• **ASSIGNED TASK**
Leaving out the images, repeat all the lines below exactly.

• **DATA PROVIDED**
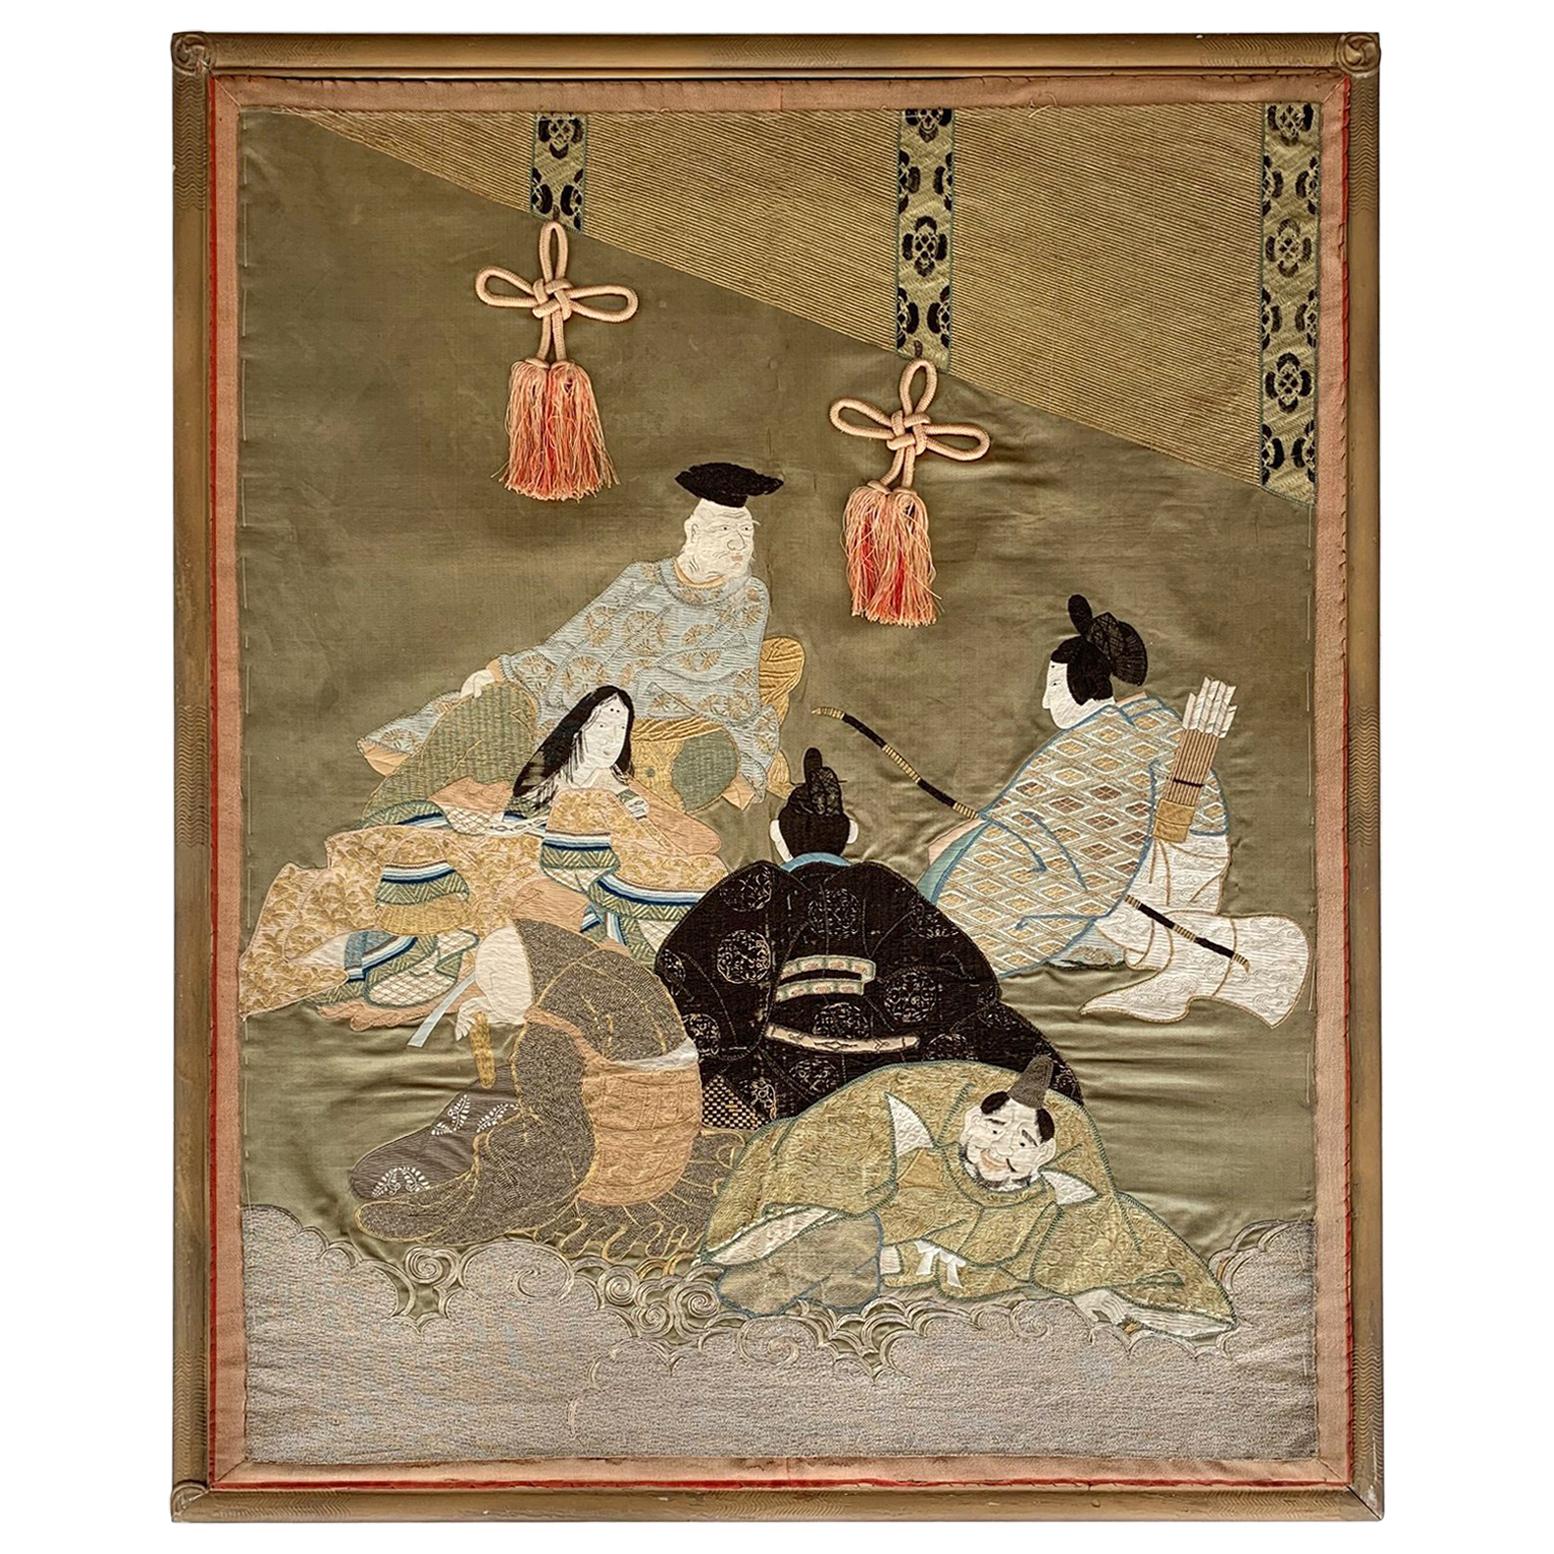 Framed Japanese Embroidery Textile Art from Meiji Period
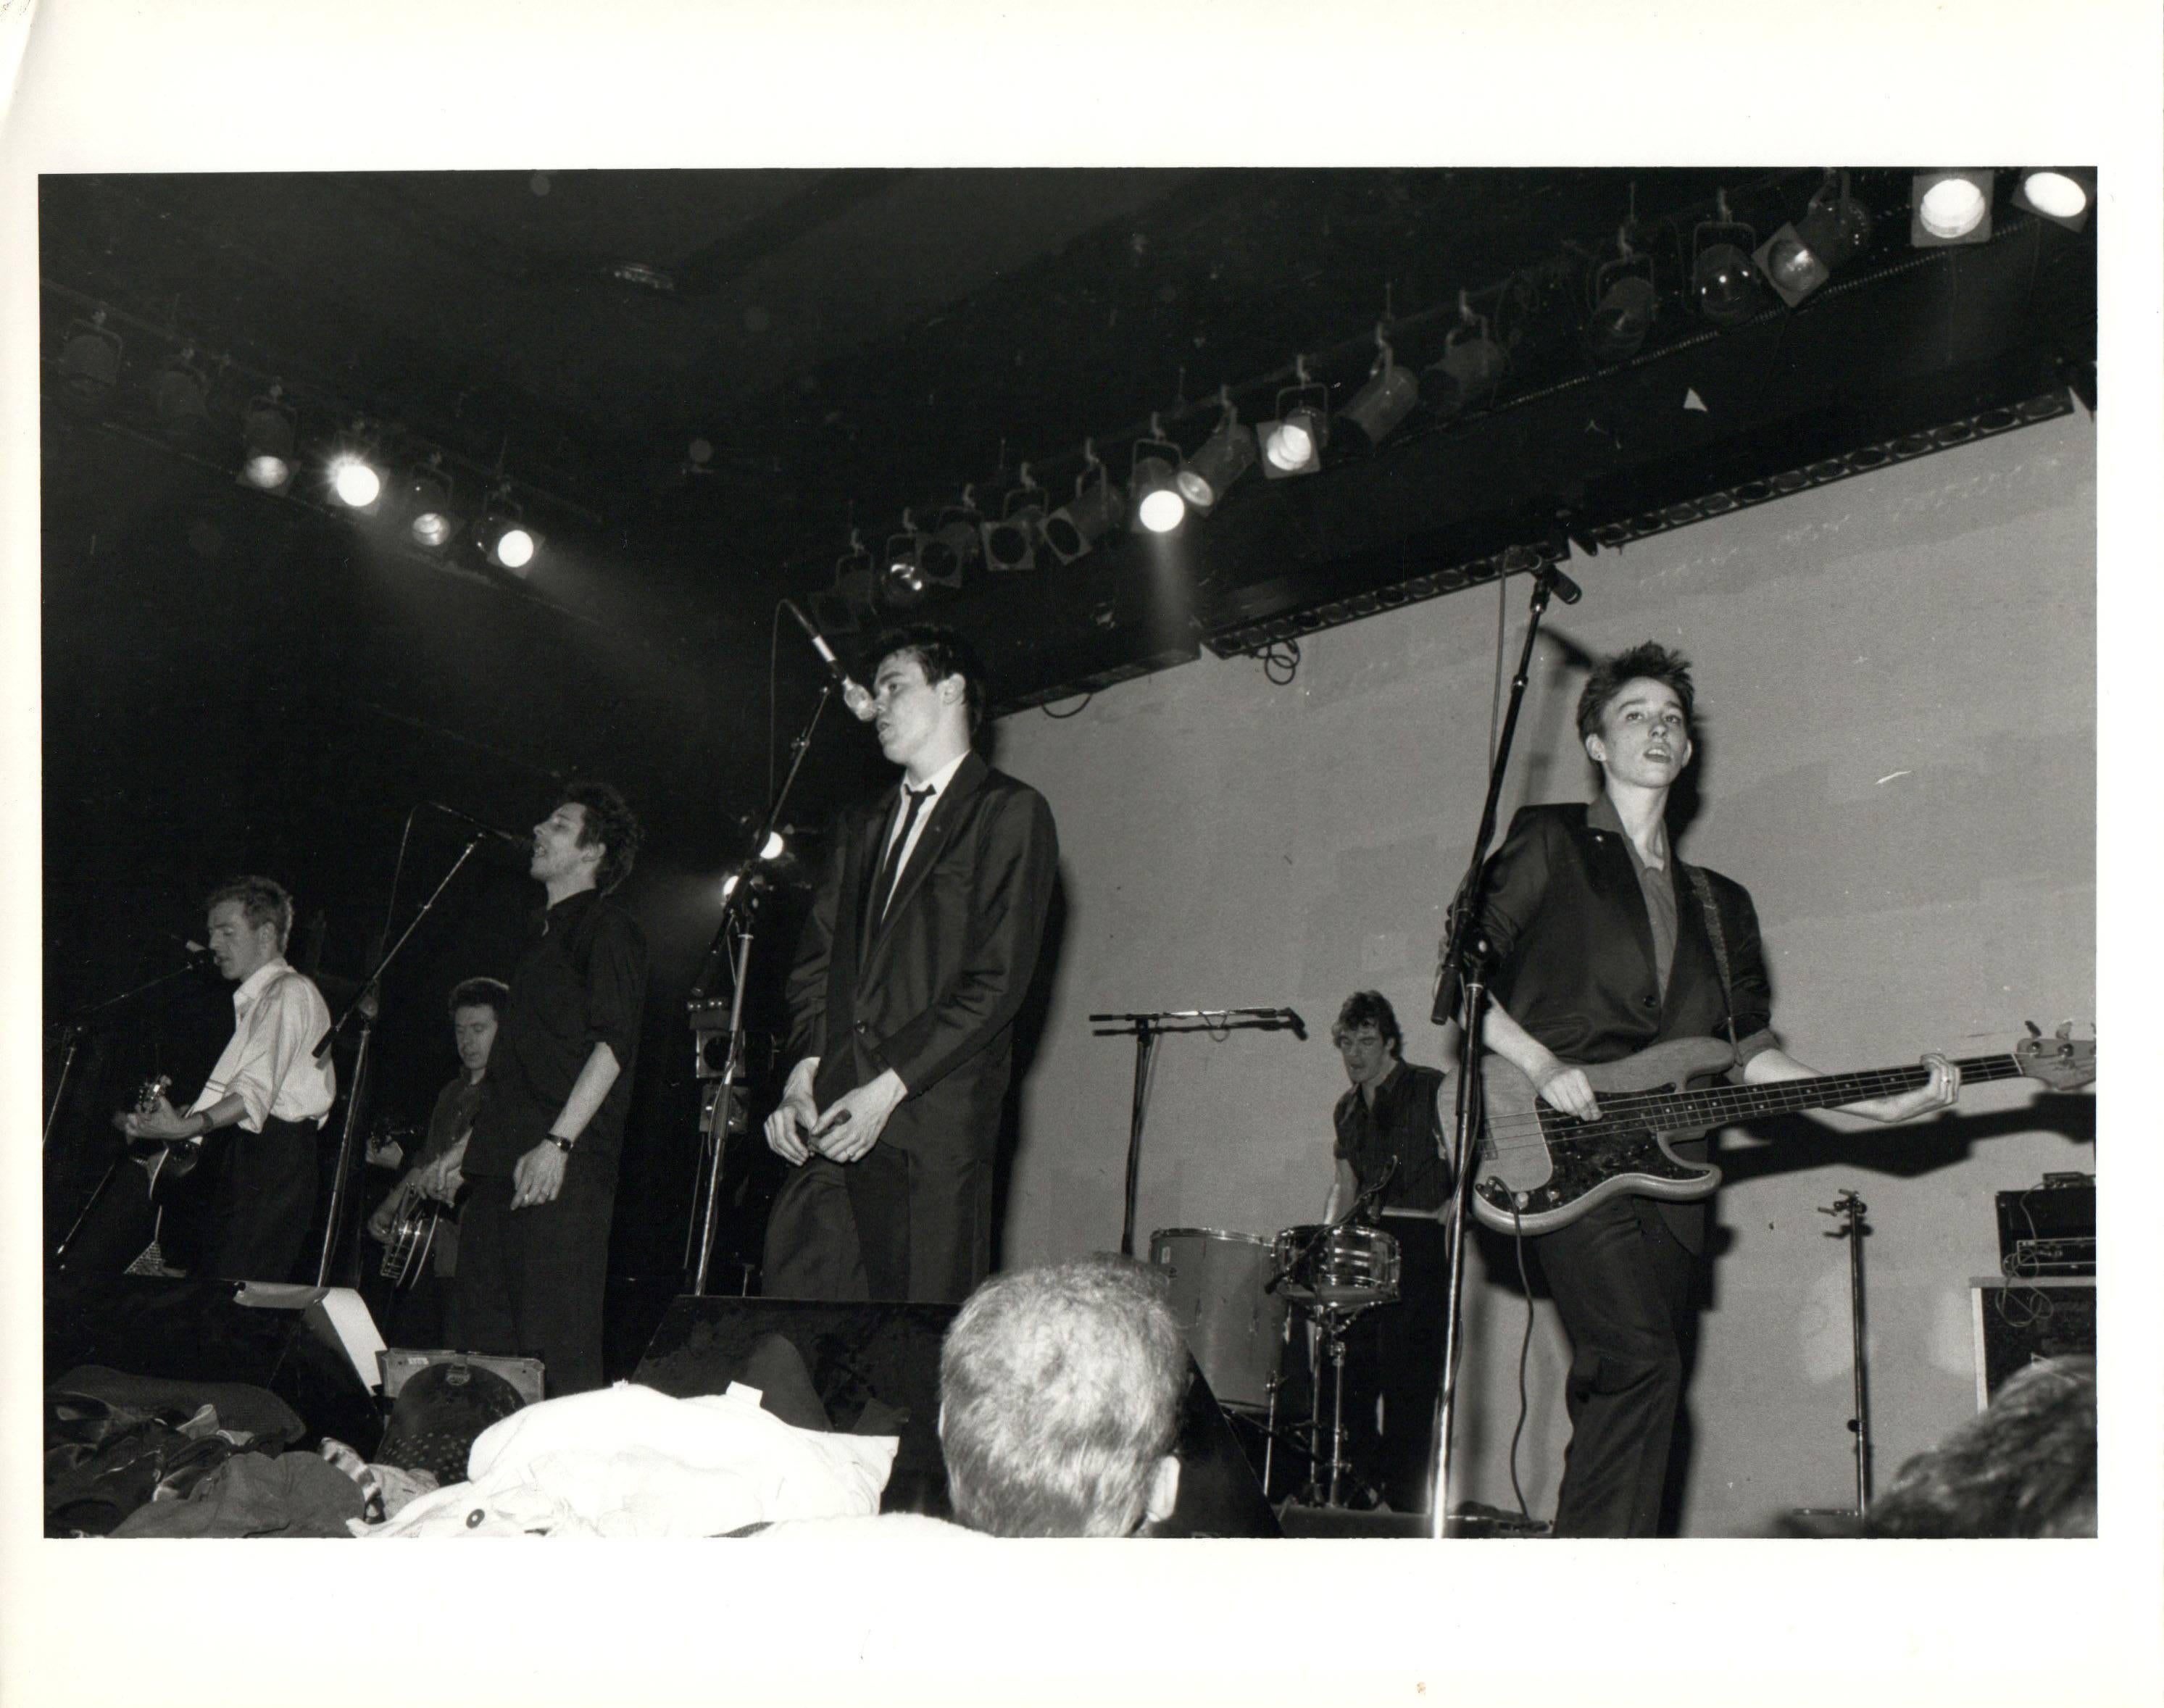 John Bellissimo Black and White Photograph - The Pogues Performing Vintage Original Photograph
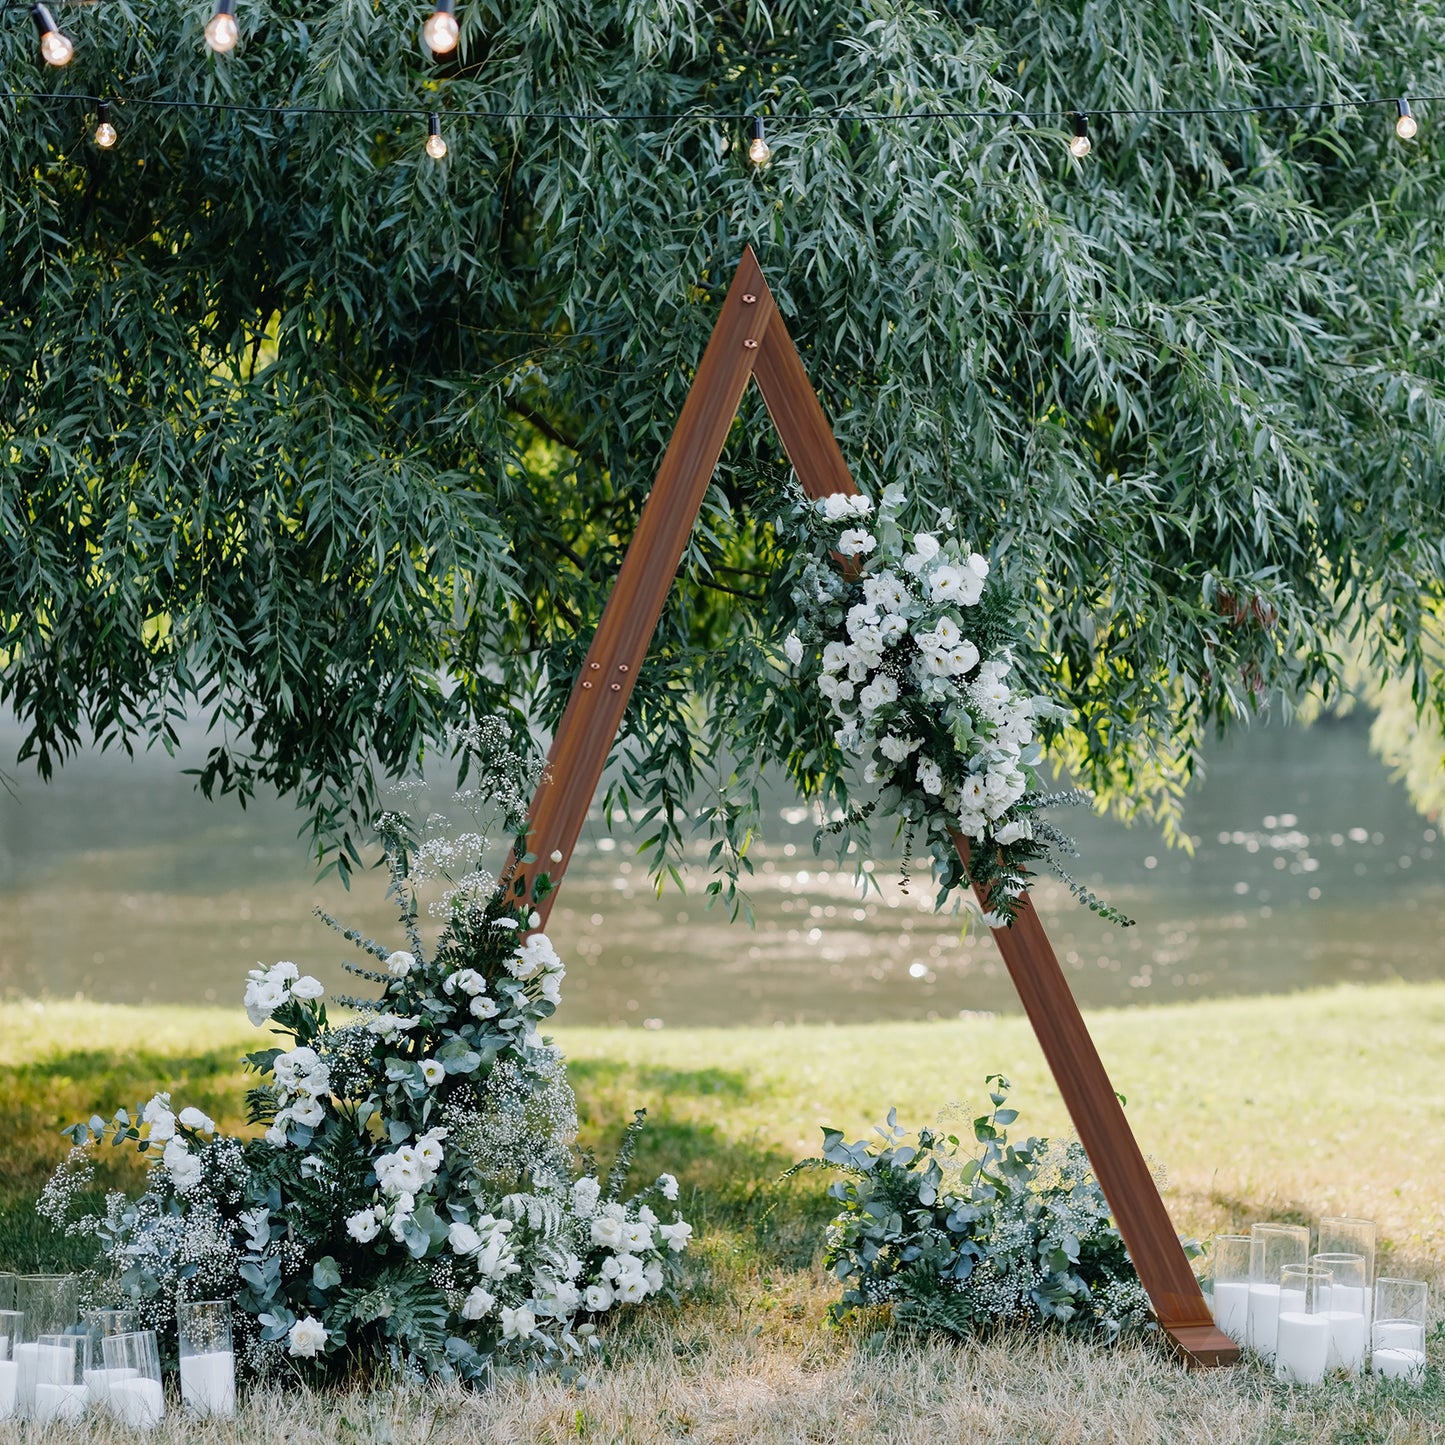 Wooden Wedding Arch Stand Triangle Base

• **EXERCISE SOLUTION**
 Framed Japanese Embroidery Textile Art from Meiji Period
 John Bellissimo Black and White Photograph - The Pogues Performing Vintage Original Photograph
 Wooden Wedding Arch Stand Triangle Base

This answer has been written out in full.